Minogue had been drawn to Tully and its stones by his sense that it had been built, like so many other churches, on a site of druidic worship. Several fields away was a tumulus, the burial site of a chieftain, which predated the upstart saints Patrick and Bride by a millennium. Less than a mile over the fields was one of the best-preserved dolmens in the country, ranking even with those stark masses of the ridges of The Burren in County Clare.

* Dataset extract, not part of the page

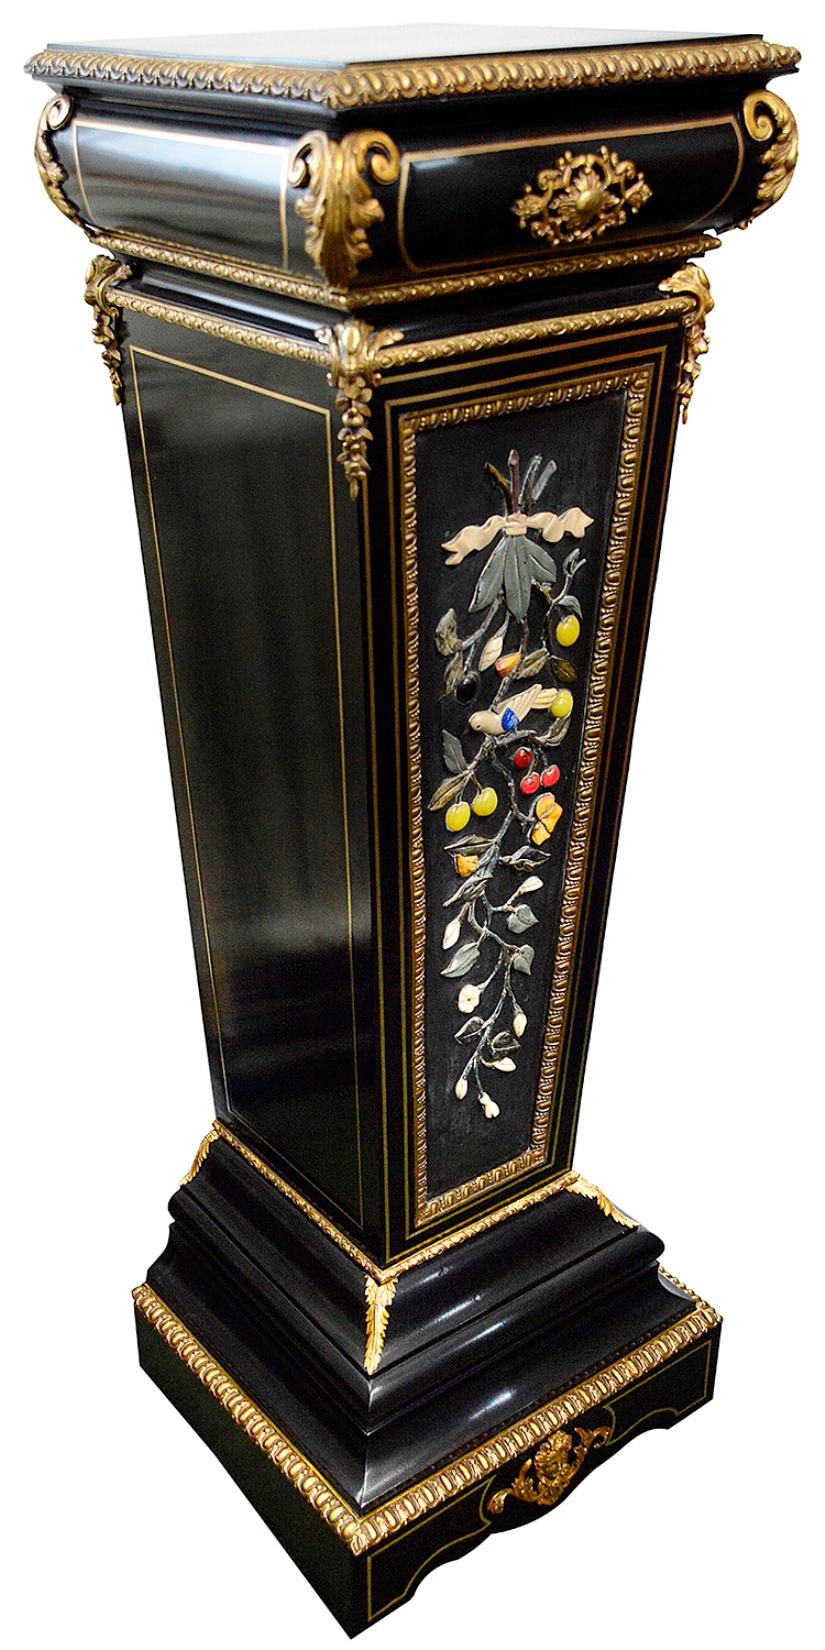 Eine sehr beeindruckende und gute Qualität 19. Jahrhundert Französisch ebonisiert Pietra dura eingelegt Sockel mit wunderbaren vergoldeten Ormolu scrolling blattförmigen Beschläge, Messing Bespannung. Die zentrale Tafel ist mit geschnitzten

He flattened out other sketches from the heap of paper. There were charcoal sketches of stones with whorls worked into them, symbols of sun and moon. Beneath the sketches were pencil drawings of a dolmen, the huge menacing boulder on its three stone legs.
"Mr Combs was English?" Minogue called out.
"I believe so, sir," said the technician, a brick-red-faced young man with the beginnings of a porter-belly. He had the heavy blond eyebrows of Norse descendants in County Wexford.
"Yes, sir. They have his passport and everything taken away in the bags, but he was definitely from across the water."
Minogue turned toward the window again. When he didn't hear the two moving, he turned back to them. They couldn't help his puzzlement any more than he could himself.